三月一日,春天的第一个早晨。
顾念白醒来的时候,阳光已经从窗帘缝里挤进来。跟冬天的阳光不一样——冬天的阳光是白的,薄薄的,像一张纸。今天的阳光是金黄色的,厚厚的,像一层蜂蜜涂在被子上。他躺了一会儿,让阳光晒着他的手背。暖的,不是那种“不冷”的暖,是那种“热了”的暖。春天真的来了。
他起床走到窗前,窗外的桂花树上,新叶子已经长得很大了。嫩绿色的,在晨光里几乎是透明的。风一吹,整棵树都在动,像在跳舞。他看了很久,然后拍了张照片,发给了母亲,配文:“妈,春天来了。”母亲回了一个字:“嗯。”过了一分钟又发了一条:“妈这边也春天了。你房间那盆花发了。”顾念白发了一个笑脸。
上午,他去了店里。把卷帘门推上去,阳光涌进来,照在工作台上,照在窗台上的花盆上。他蹲下来看那盆“未知品种”,土还是黑的,平平的,什么也没有。
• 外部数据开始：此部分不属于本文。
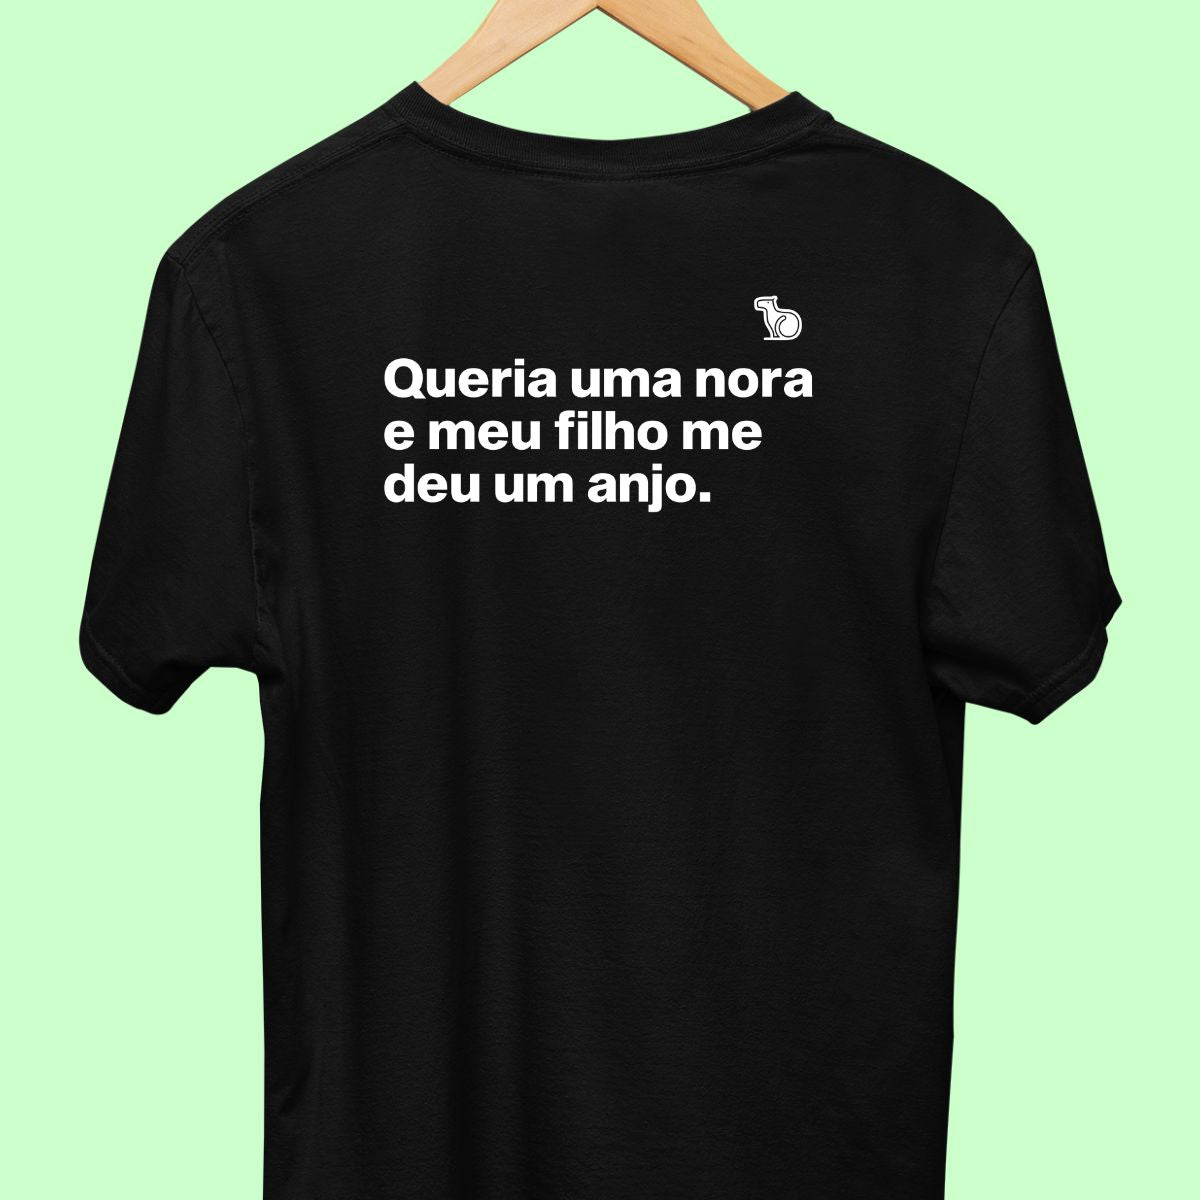 Camiseta com a frase "Queria uma nora e meu filho me deu um anjo." masculina preta.
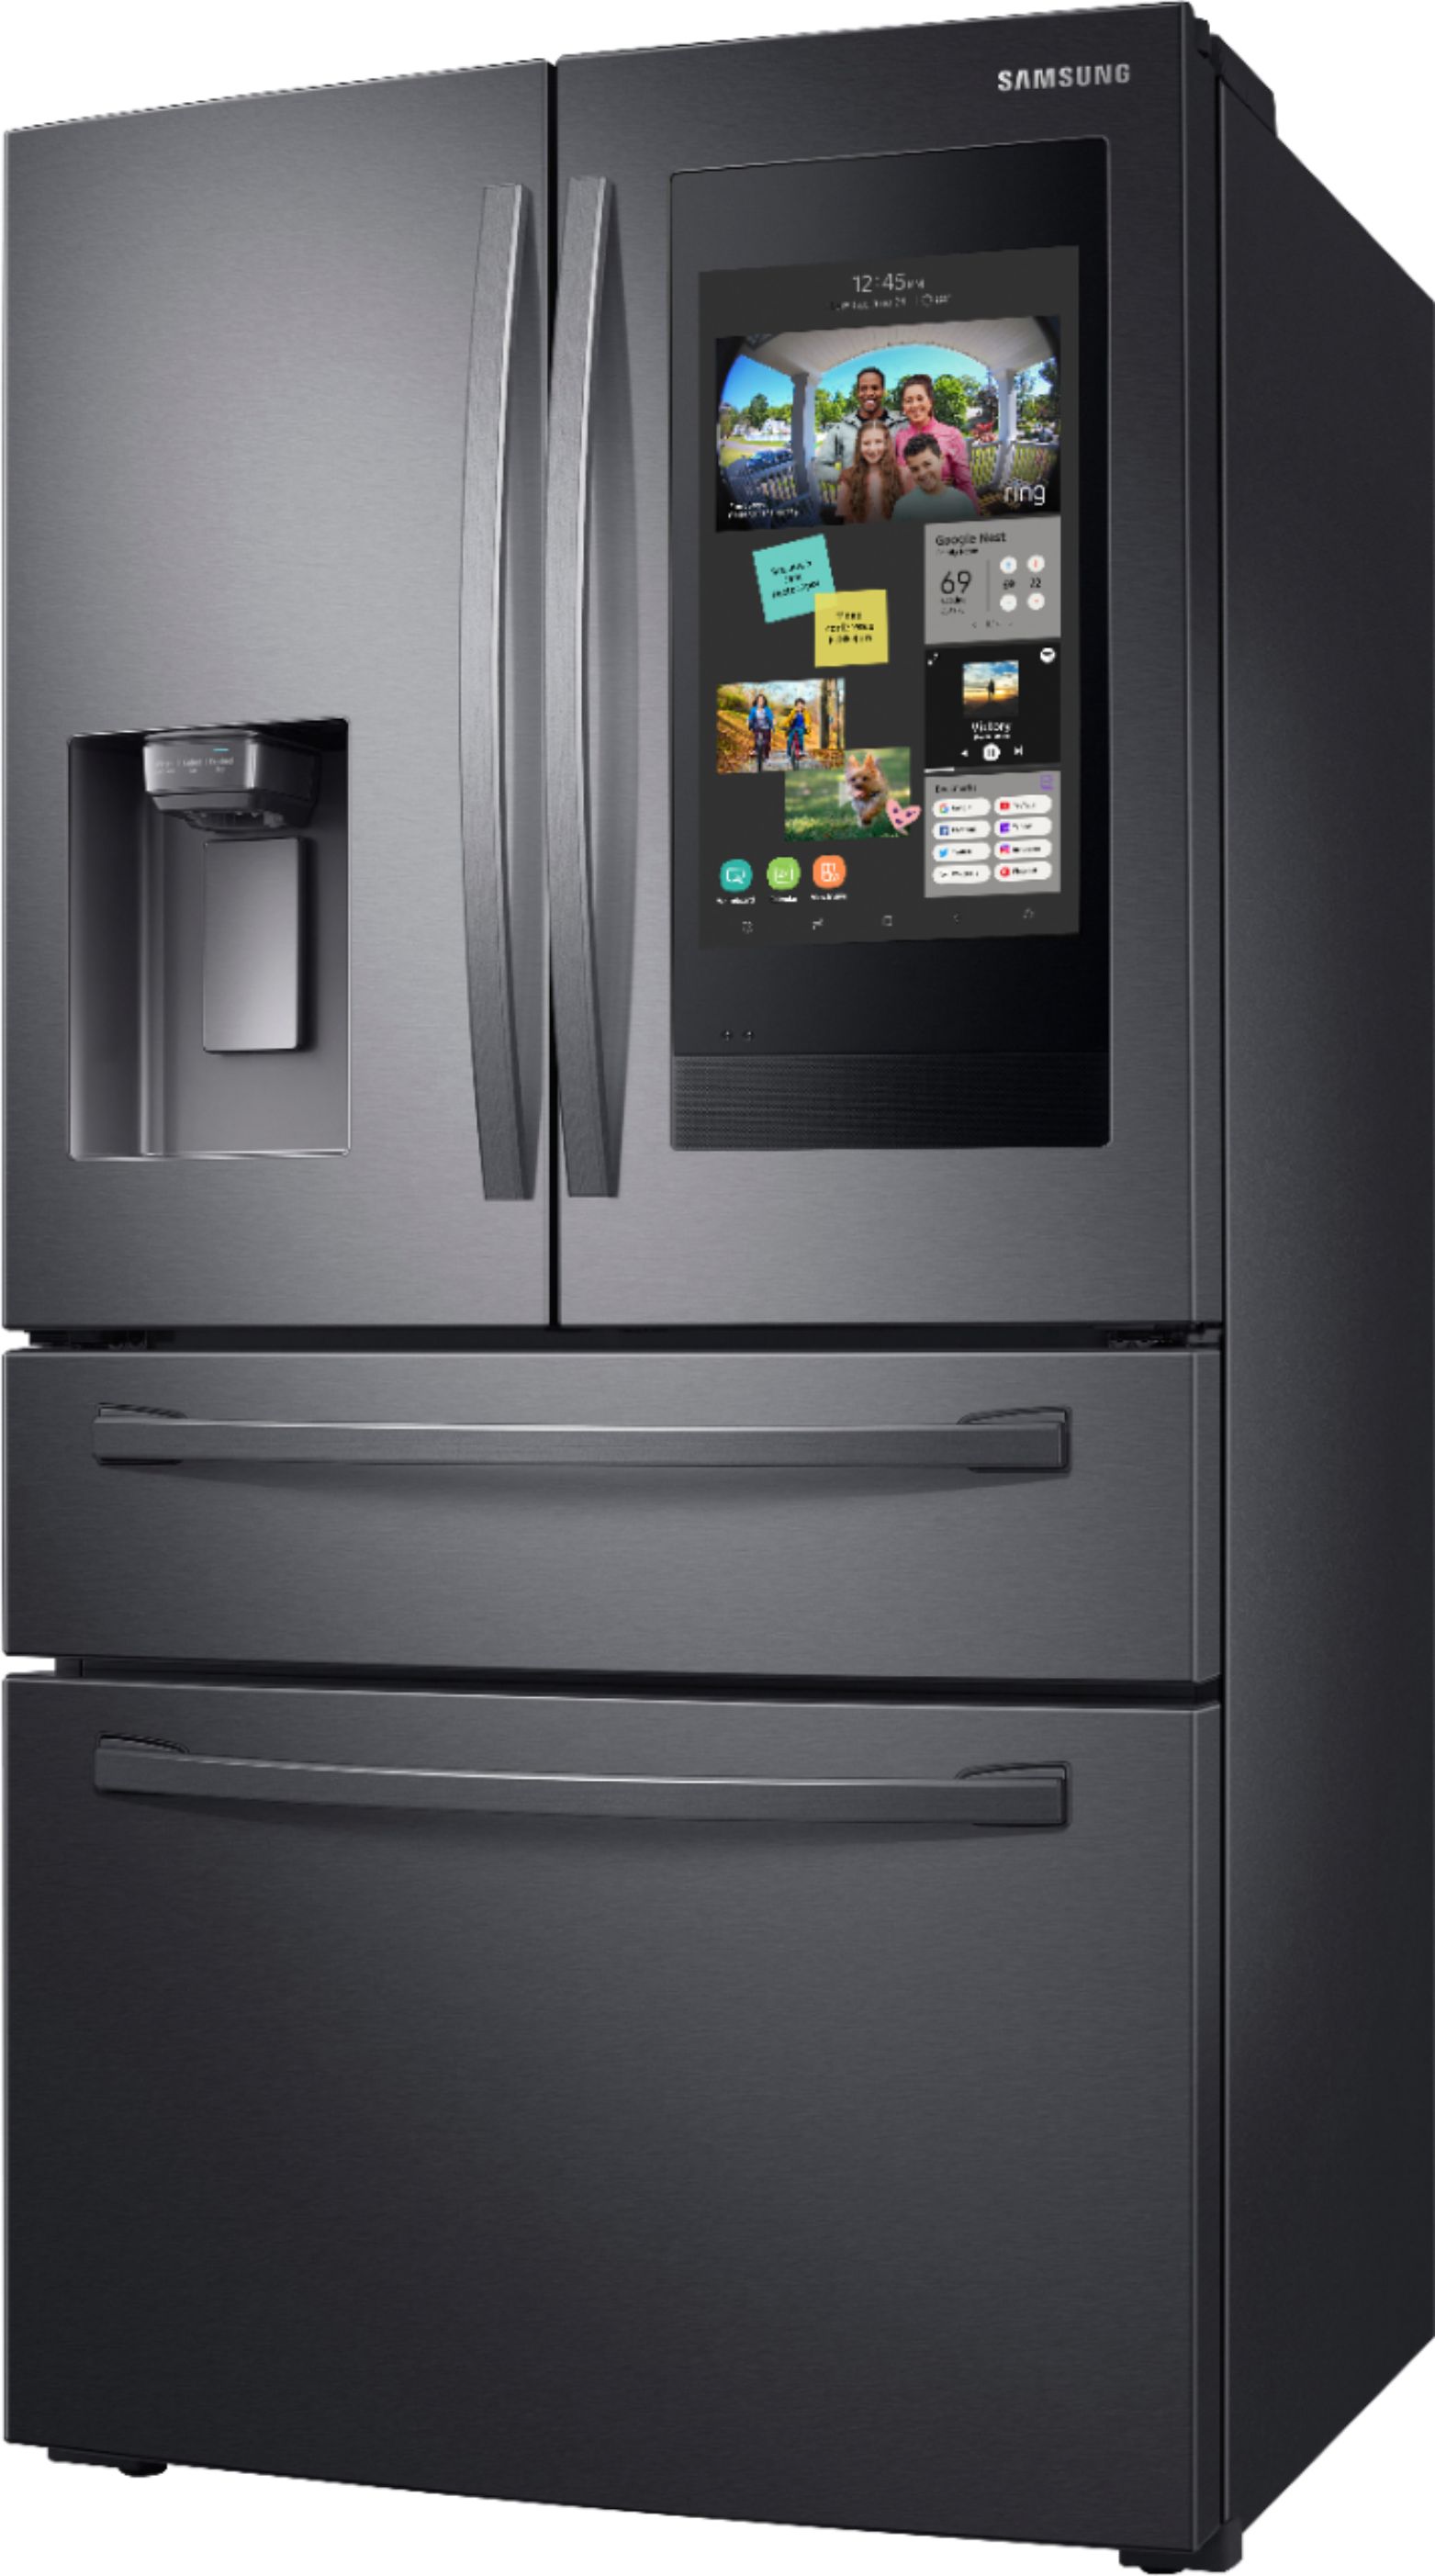 Left View: Samsung - Family Hub 27.7 Cu. Ft. 4-Door French Door  Fingerprint Resistant Refrigerator - Black stainless steel

但他不着急。去年那盆“春天”等了两个月才发,今年这盆也许会快一点,也许不会。不急。
他坐了一会儿,没有修相机。阳光从窗户照进来,照在他的手上,暖洋洋的。他在想,三月了,摄影课要重新开了。他给王老师发了条消息:“王老师,摄影课下周六开。还是老时间。”王老师回得很快:“好!我跟孩子们说。”他放下手机,看着窗外的桂花树。新叶在风里摇着,像无数只小手在打招呼。去年三月他在吃药、失眠、不想出门。今年三月他在等花开、等摄影课开、等朋友来。
三月五日,惊蛰。母亲打电话来说要吃梨,说惊蛰吃梨润肺。顾念白去巷口水果店买了一个梨,削了皮,切成块,放在碗里。拍了张照片发到群里,配文:“惊蛰。吃梨。”他吃了那块梨。很甜,很多汁,像春天本身。
三月八日,摄影课重新开了。还是那个城中村,还是那个社区活动中心,还是那群孩子。有的长高了,有的换了门牙,有的新来的。顾念白走进教室的时候,孩子们安静了一下,然后异口同声地喊了一声:“小白老师好!”声音很大,在小小的教室里回荡。他站在讲台上,看着那些脸。有的认识,有的不认识。认识的长高了,不认识的眼睛里带着好奇。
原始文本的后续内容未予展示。